Intensive pig farming produces large volumes of high strength waste streams that need to be treated before being discharged to the environment. The traditional management practise consists of the pig manure and urine being flushed into open-air lagoons for biological degradation before being discharged or applied to adjacent cropland.
The major shortcomings of this practise are;
- Open-air lagoons are usually not aerated causing the formation of anaerobic conditions. The resulting discharge of Methane, a potent greenhouse gas, Hydrogen Sulphide and Ammonia to the atmosphere contribute to climate change, poor living environment for surrounding communities from the animal odours emitted, and contribute to acid rain.
- Intensive pig farms are increasing in size to take advantage of economies of scale in a bid to remain competitive. The supply of pasture land able to receive the nutrient rich discharge from the lagoon system is limited while seasonal variations may mean that crops are not cultivated year round. The expense of transporting the nutrient rich discharge then becomes a significant cost factor.

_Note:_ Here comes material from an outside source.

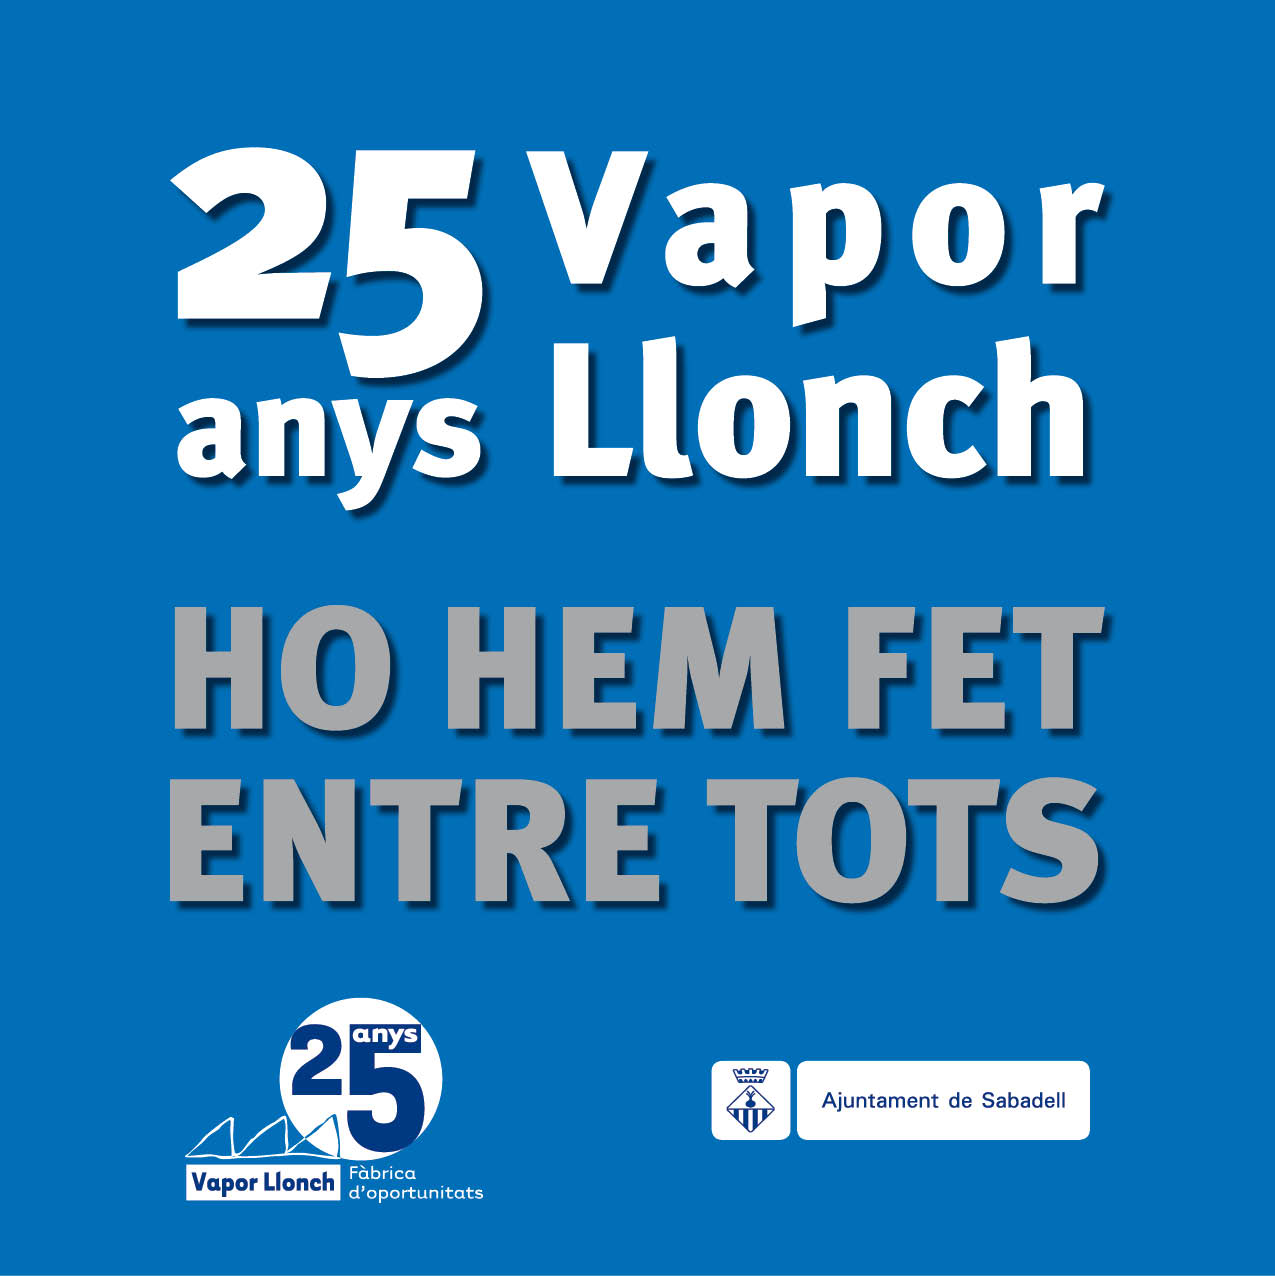 25 anys Vapor Llonch

When properly managed, manure can be used as a nutrient source for crops and to improve soil properties through increase of soil organic matter. On the other hand, improperly managed manure can pose a threat to soil, water and air quality, and to human and animal health.
Selectra’s solution is to deploy the H2E anaerobic digester developed by EKO GEA. System advantages are;
Effluent discharge that meets Irrigation Discharge Standard requirements High process efficiency – 90% destruction of organic loading.
- Ion exchange limits the discharge of Ammonia and Hydrogen Sulphide
- Pathogens are largely destroyed by anaerobic digestion.
- Treated water can be recycled for general plant use, or upgraded to SANS 241 potable water through the use of additional technologies, thereby saving on water costs
- Discharge to municipal system does not incur surcharges for not meeting specification.
Reduced CAPEX Cost
- Hydraulic Retention Time of 10 days of less, depending on feedstock type.
- Smaller footprint, usually 1/3rd the size of conventional AD systems, resulting in capital cost reduction.
Reduced OPEX Cost
- Biogas energy use reduces operating cost allowing a system payback of approximately 5 years.
- High system efficiency results in high energy yield More organics treated (at least 90% destruction of organics) combined with high methane content biogas (typical methane content of 65-80%) results in a superior energy yield.
- Plant requires low parasitic load thereby allowing for greater energy export
- Little or no organic sludge Mineral sludge has high value and is an effective nutrient recovery system
Unsurpassed process stability with the addition of Biocomplex bio-activator Enhanced biological reaction that improves biological wastewater processes
- Greatly increases bacterial metabolic rate by supplying essential nutrients and trace elements
- Improves the ability to handle shock loads as microbes have less die-off in their restive state
- Improves bacterial breakdown of organic material as microbe activity is enhanced.